NAACCR-Compliant Cancer Registry Automation
Cancer registries are foundational to oncology surveillance, quality improvement, and clinical research, yet traditional registry abstraction remains one of healthcare's most labor-intensive processes, requiring certified tumor registrars to manually extract hundreds of data points from fragmented clinical documentation.
Patient Journey Intelligence transforms cancer registry operations from a manual burden into an automated, audit-ready workflow, using AI-powered case finding and clinical data extraction to reduce abstraction time by 80% while capturing more complete data faster than human abstractors working alone.
Key Capabilities
The Cancer Registry module provides six integrated capabilities that work together to automate the entire abstraction workflow, from initial case detection through regulatory submission.
Automated Case Finding
Multi-source detection: ICD-O-3 codes, pathology reports, radiology findings, treatment orders, death certificates
AJCC TNM Staging
Automated staging (AJCC 8th Edition), histology/grade extraction, biomarkers (ER, PR, HER2, PD-L1), lymph nodes, metastasis
Treatment Tracking
Surgical procedures, chemotherapy regimens, radiation therapy, immunotherapy, targeted therapy, clinical trials
Longitudinal Outcomes
Continuous monitoring: disease progression, recurrence, metastasis, survival status, quality of life indicators
Registrar Review Workflows
Evidence-based review interface, side-by-side source documents, confidence scoring, one-click corrections, audit trails
NAACCR Compliance
NAACCR v23 export, state registry submissions, SEER reporting, CoC accreditation, automated edit checks
The Cancer Registry Abstraction Challenge
Cancer registries are mandated infrastructure for accredited cancer programs, state public health surveillance, and national epidemiology through SEER and NAACCR. Yet maintaining these registries remains one of oncology's most resource-intensive operational challenges.

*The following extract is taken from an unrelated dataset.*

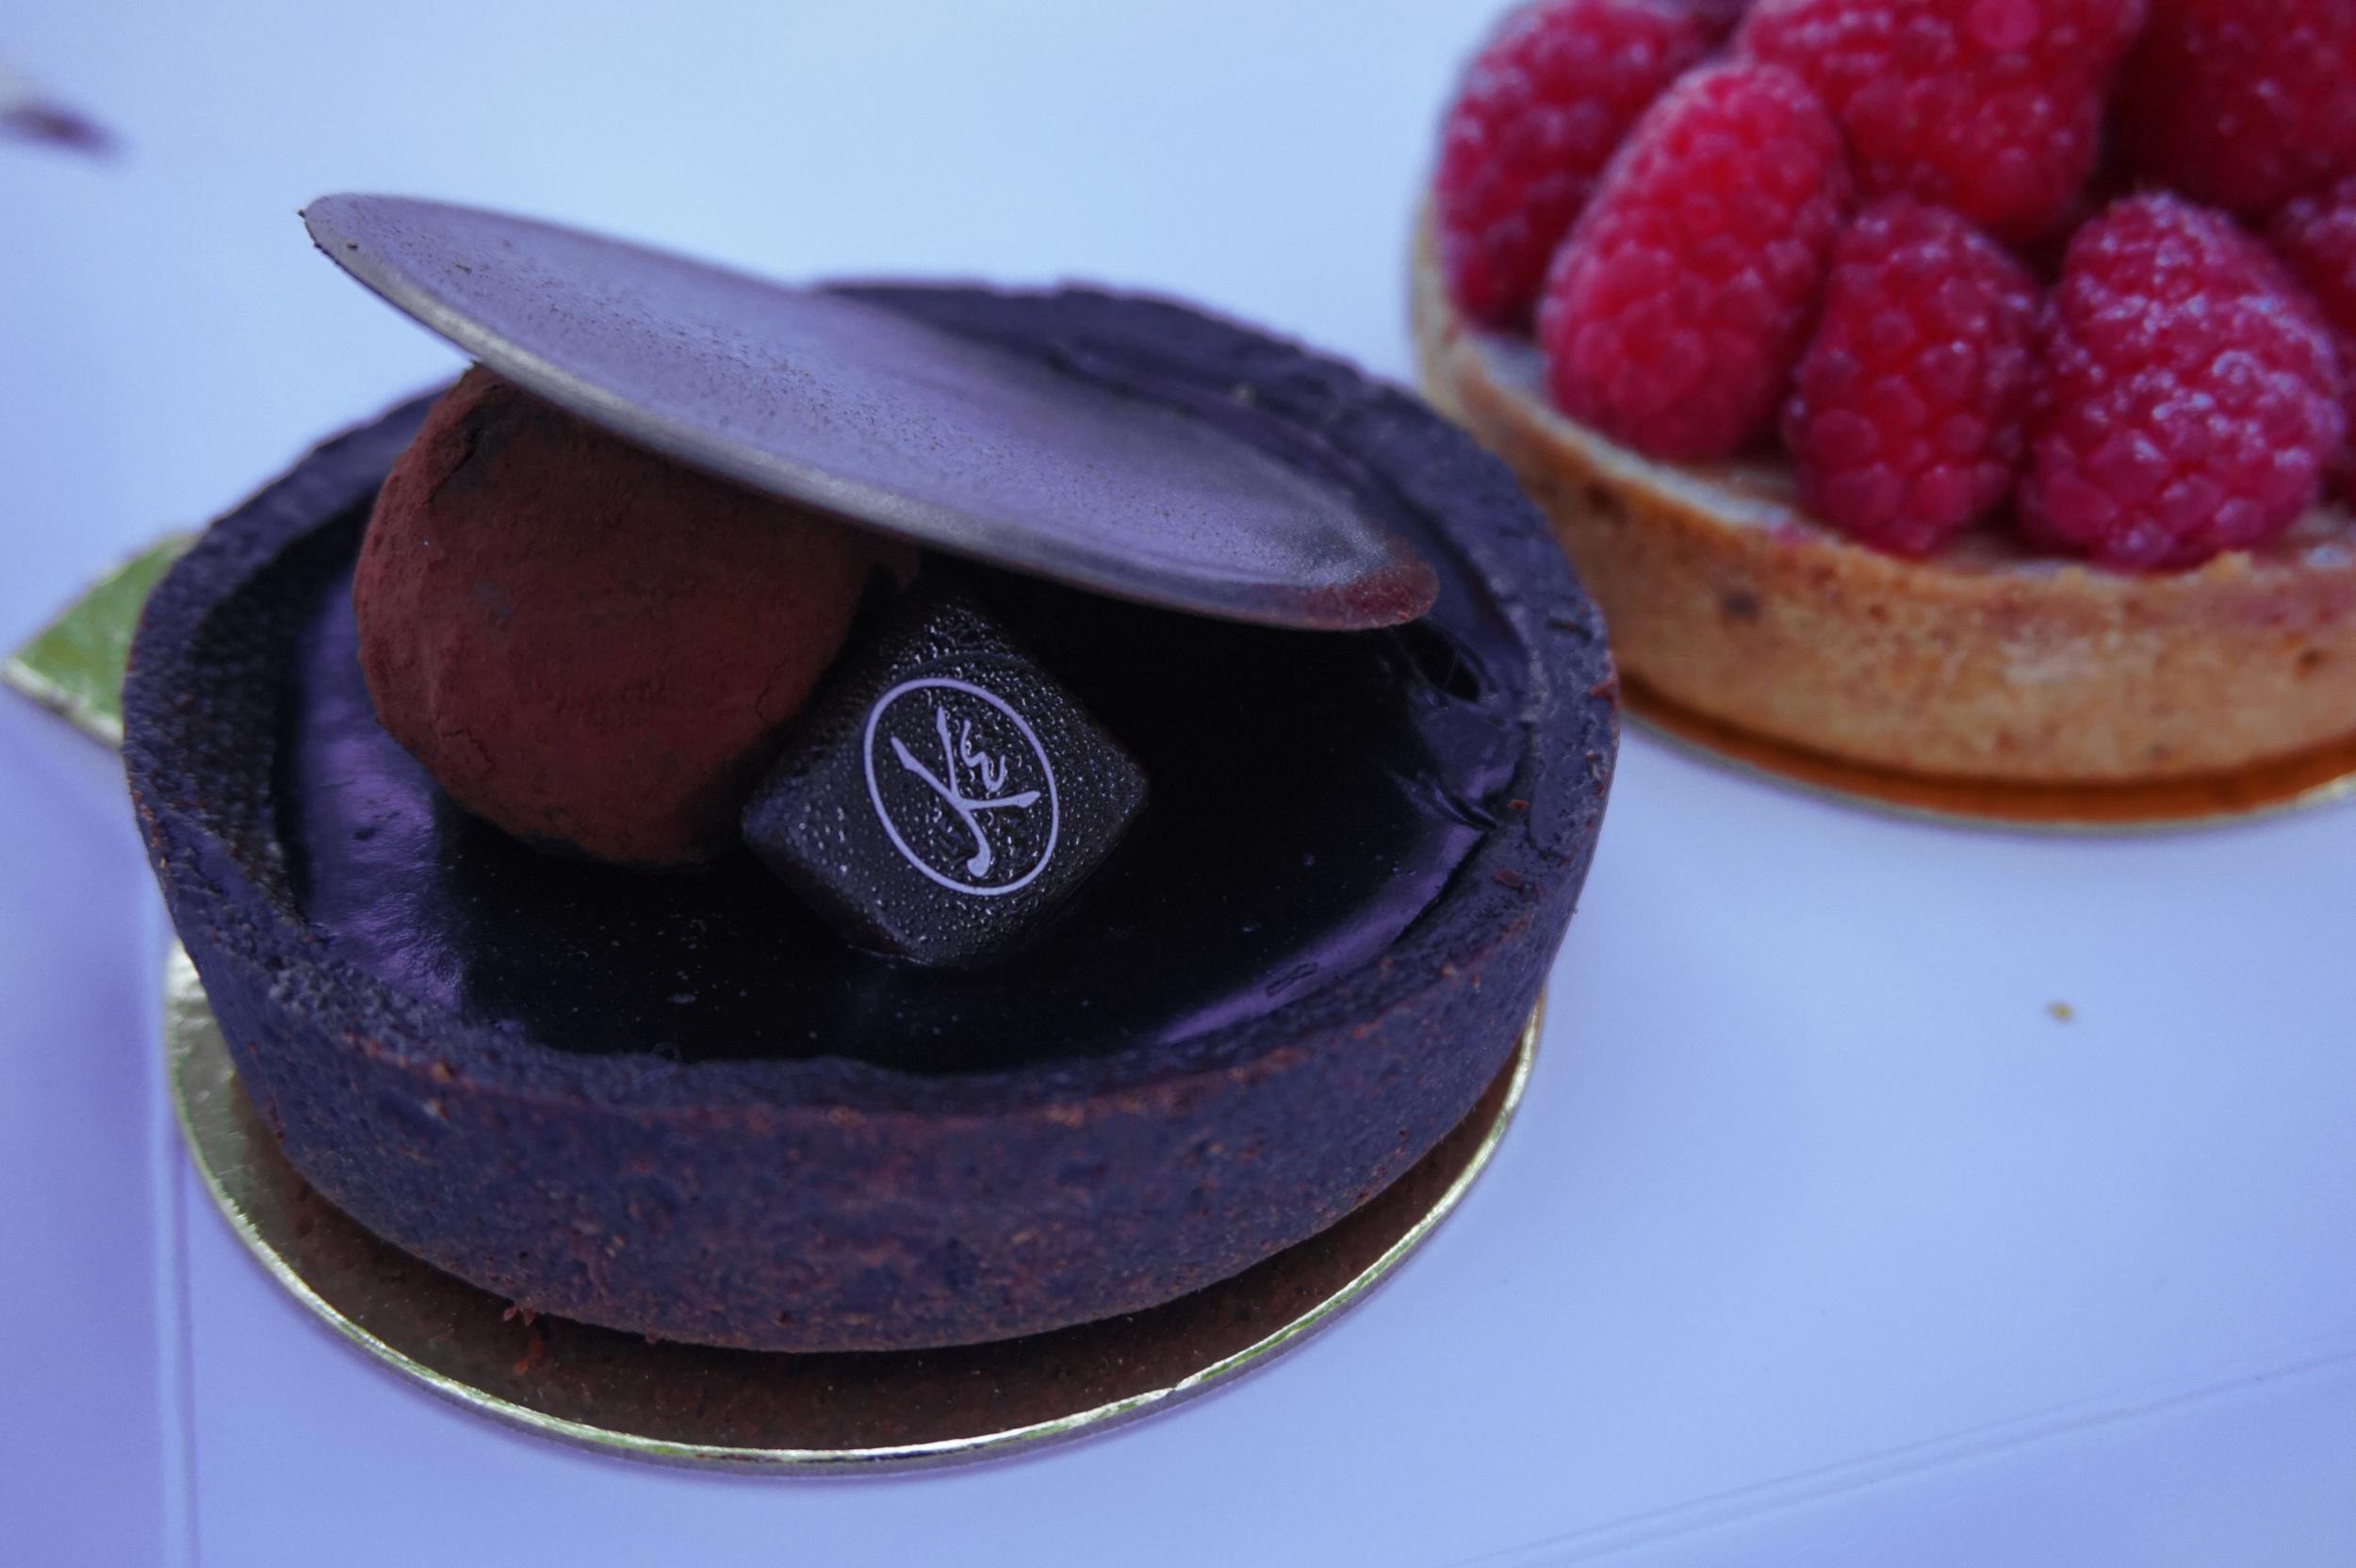 Dark chocolate tarte from Maison Kayser

The Manual Abstraction Bottleneck
Cancer registry abstraction traditionally requires an average of 2 hours per case of manual chart review by certified tumor registrars, though complex cases can take significantly longer. For a health system with 2,000 new cancer cases annually, this represents 4,000 hours of specialized labor. At the national level, with approximately 2.1 million new cancer diagnoses projected in 2026, the United States requires roughly 4.2 million hours of manual cancer registry abstraction annually.
This massive labor requirement creates persistent challenges:
Case Identification Delays: Relying on ICD-10 diagnosis codes means cases often aren't identified until weeks after diagnosis, when billing codes are finalized. Critical staging information from early pathology reports and imaging studies may be documented long before structured codes appear in the EHR.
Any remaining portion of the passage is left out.